2022 Summary
In 2022, the MLCommons Science Working Group transitioned from foundational goal-setting to the active development, refinement, and standardization of a diverse suite of scientific benchmarks.
Key Initiatives
Standardization and Compliance
A primary focus of the year was ensuring that scientific benchmarks were compliant with MLCommons standards while remaining scientifically relevant. This included: - Science Training Policy: Developing a tailored set of rules that mandate both performance and scientific accuracy, ensuring that "winning" a benchmark requires a scientifically valid result. - Reference Implementations: Evaluating the compliance of the Science benchmark suite and refining the process for adding new benchmarks to the ecosystem.

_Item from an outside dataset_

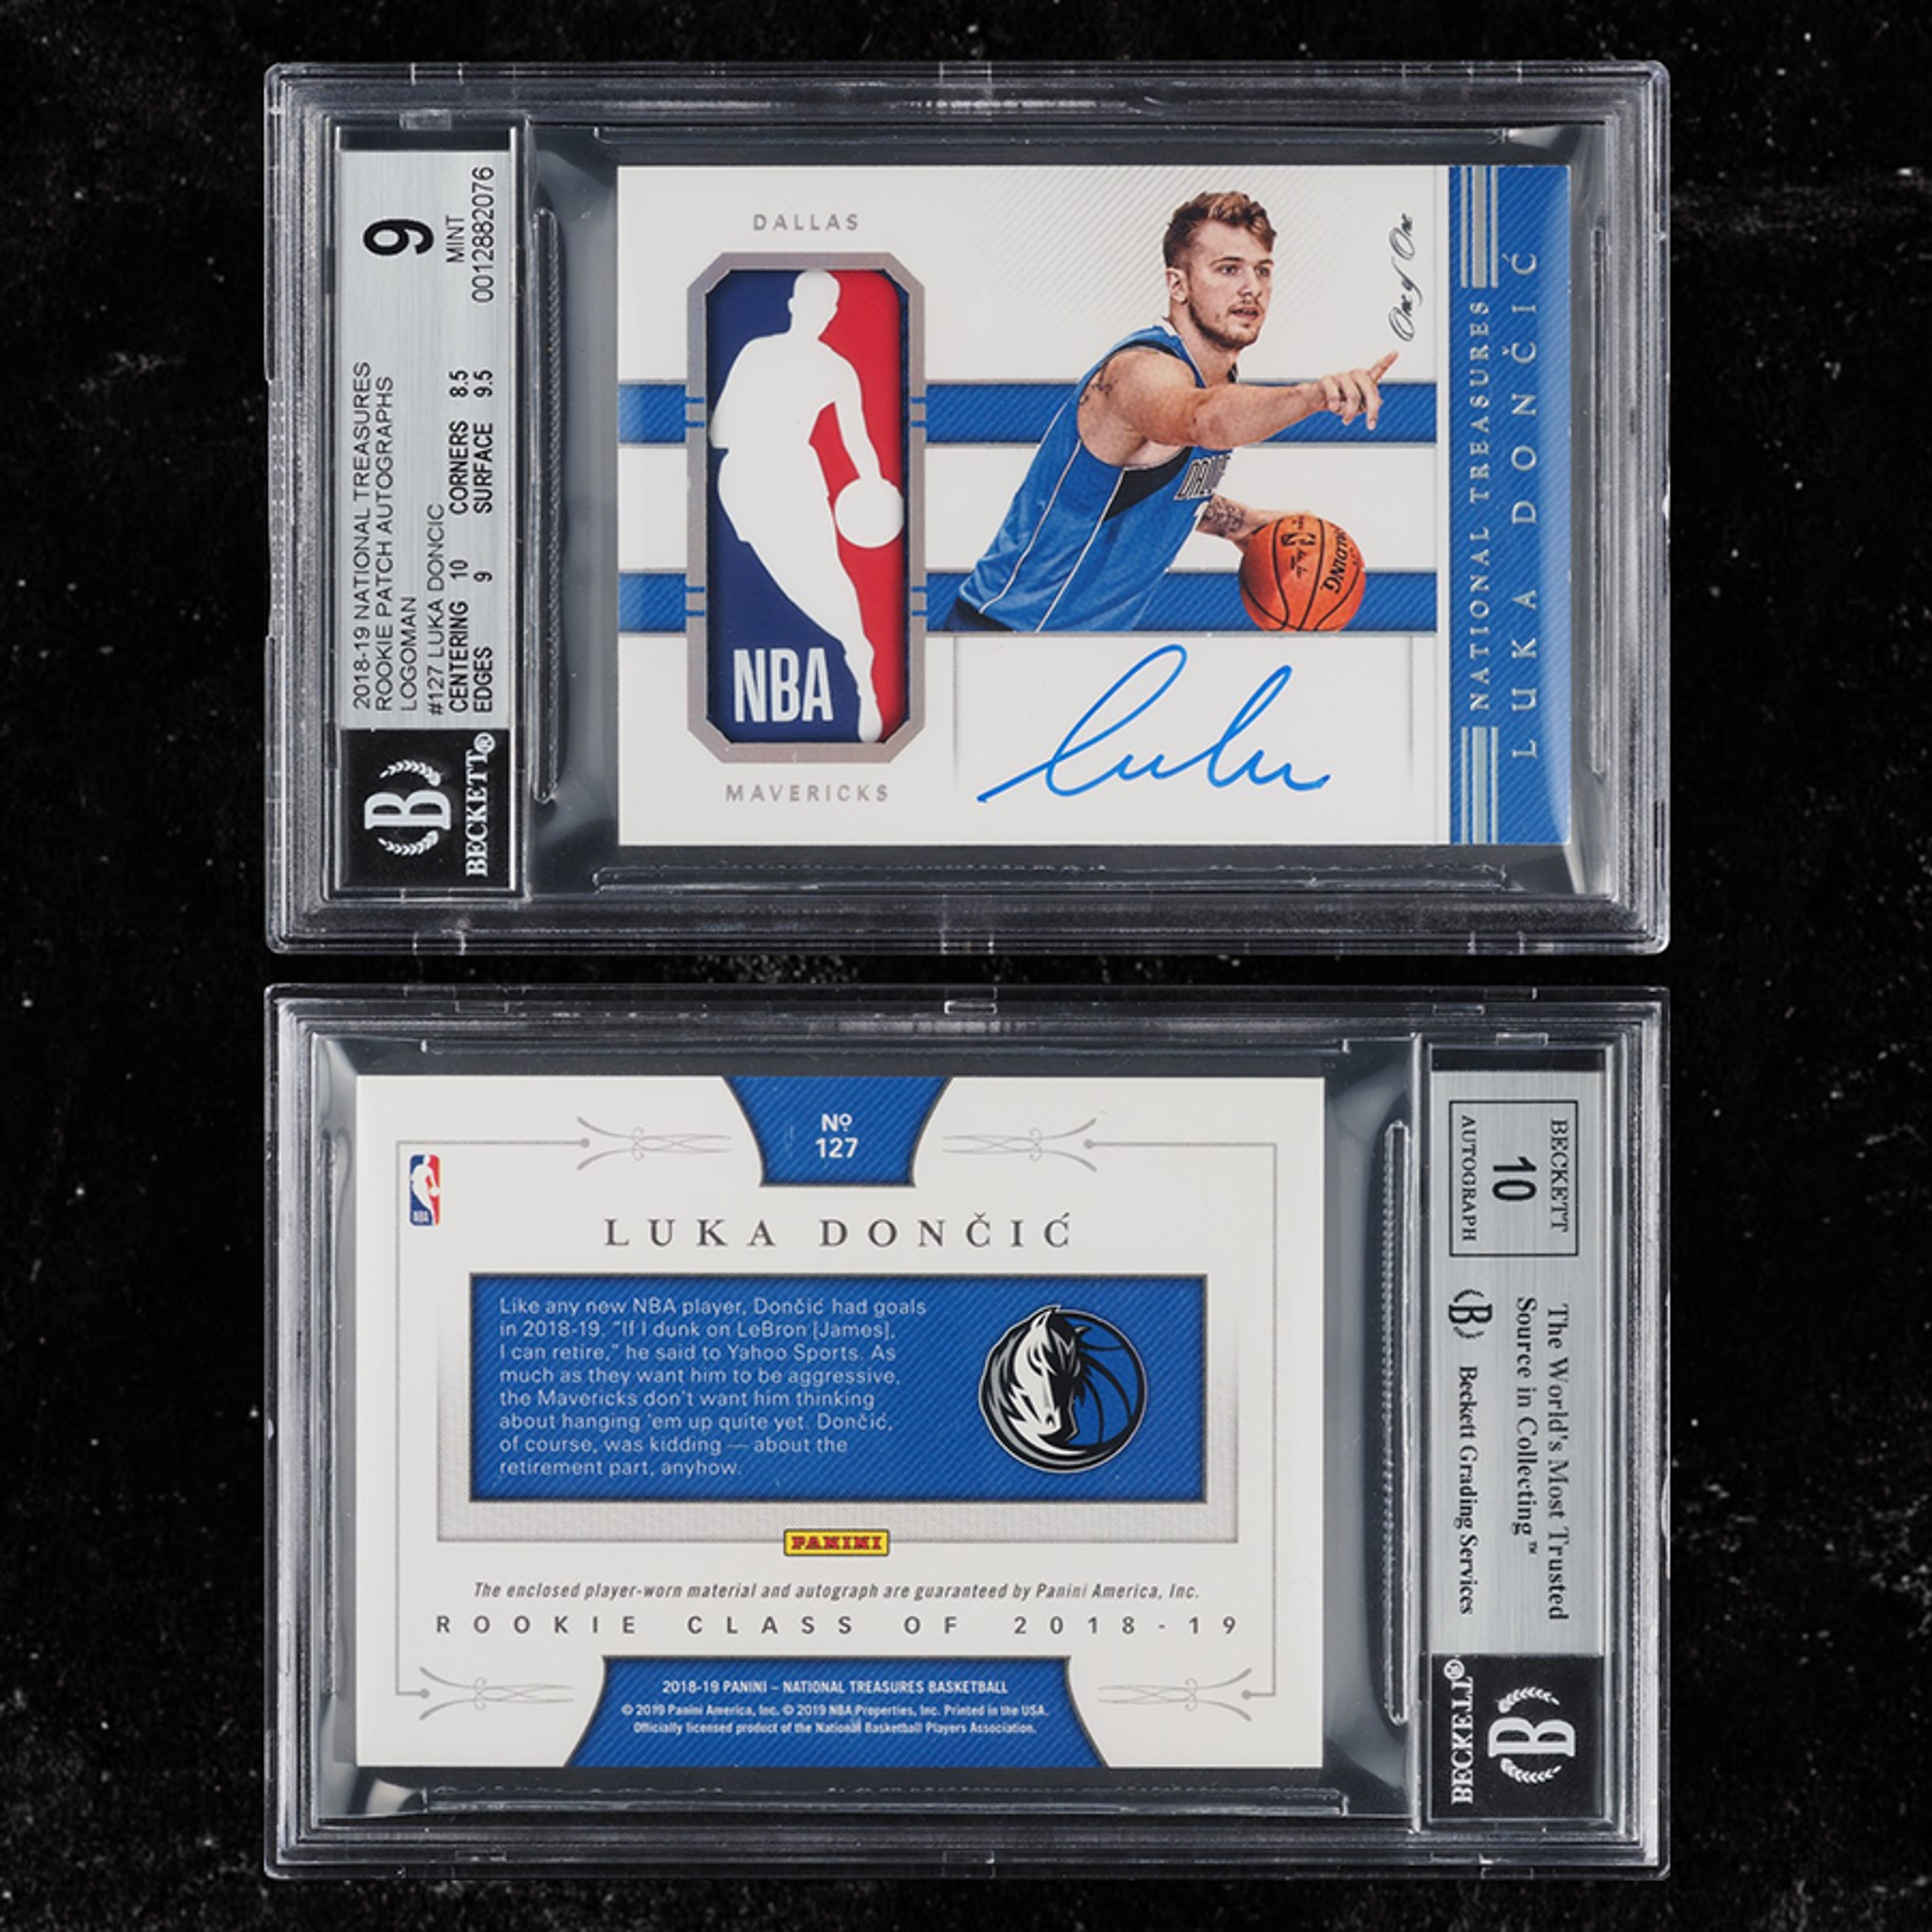 LeBron James's Signed Rookie Card Sells for a Record $5.2 Million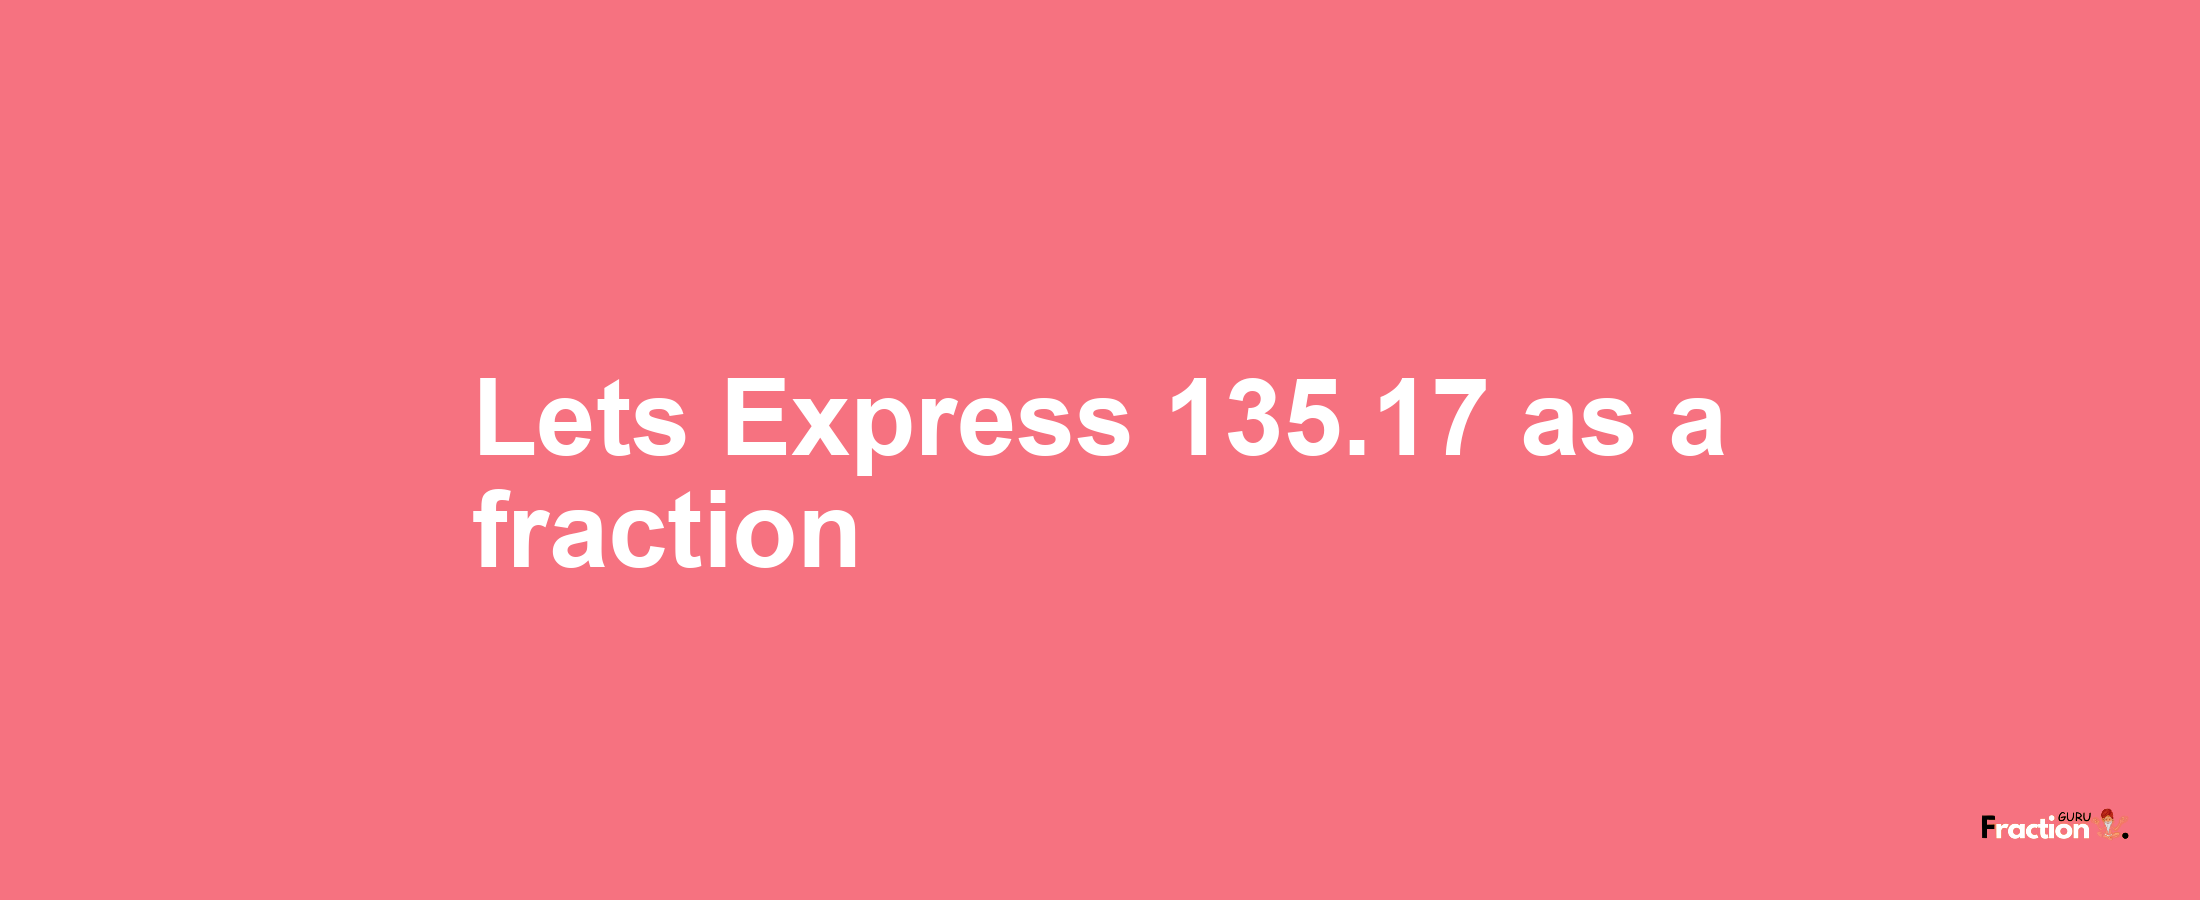 Lets Express 135.17 as afraction

Expansion of the Benchmark Suite
The group significantly expanded its portfolio of benchmarks, moving toward a "surrogate-heavy" approach: - Refinement of Existing Benchmarks: Improvements were made to the Earthquake and Cloudmask benchmarks, and the STEMDL benchmark was enhanced through feature engineering and the exploration of Vision Transformers. - New Surrogate Models: The group introduced a wide array of new surrogates, including: - Environmental & Geophysical: Tsunami inundation and Diffusion solvers. - Engineering: CFD (Computational Fluid Dynamics) for helicopter rotor aerodynamics. - Physics & Energy: Fusion plasma simulations and Autotuning surrogates for BLAS members. - Health: Epidemic (Covid) simulation surrogates.
Energy and Power Analysis
Building on the FAIR principles of 2021, the group emphasized the need to measure energy consumption. Discussions highlighted that FLOP rates alone are insufficient, and that power-related metrics are critical for understanding the true cost and efficiency of scientific AI.
Data Quality and FAIRness
The group conducted a rigorous assessment of existing MLCommons benchmarks, identifying inconsistencies in system definition files. This led to: - Data Quality Improvements: Recommendations to MLCommons for better data standardization. - FAIR4ML: Support for the formation of the RDA Interest Group "FAIR for Machine Learning" (FAIR4ML) to bridge the gap between the FAIR data community and the ML community.
Community Engagement
The group increased its visibility through: - Conference Presence: A successful BOF (Birds of a Feather) session at SC22, which generated significant interest in scientific benchmarking. - Public Outreach: Drafting blog posts and coordinating with MLCommons PR to announce the availability of science benchmarks.
Summary of Progress
By the end of 2022, the Science WG had evolved from a small group of collaborators into a structured entity with a growing library of benchmarks, a clear policy for compliance, and a strong commitment to the intersection of scientific accuracy and computational performance.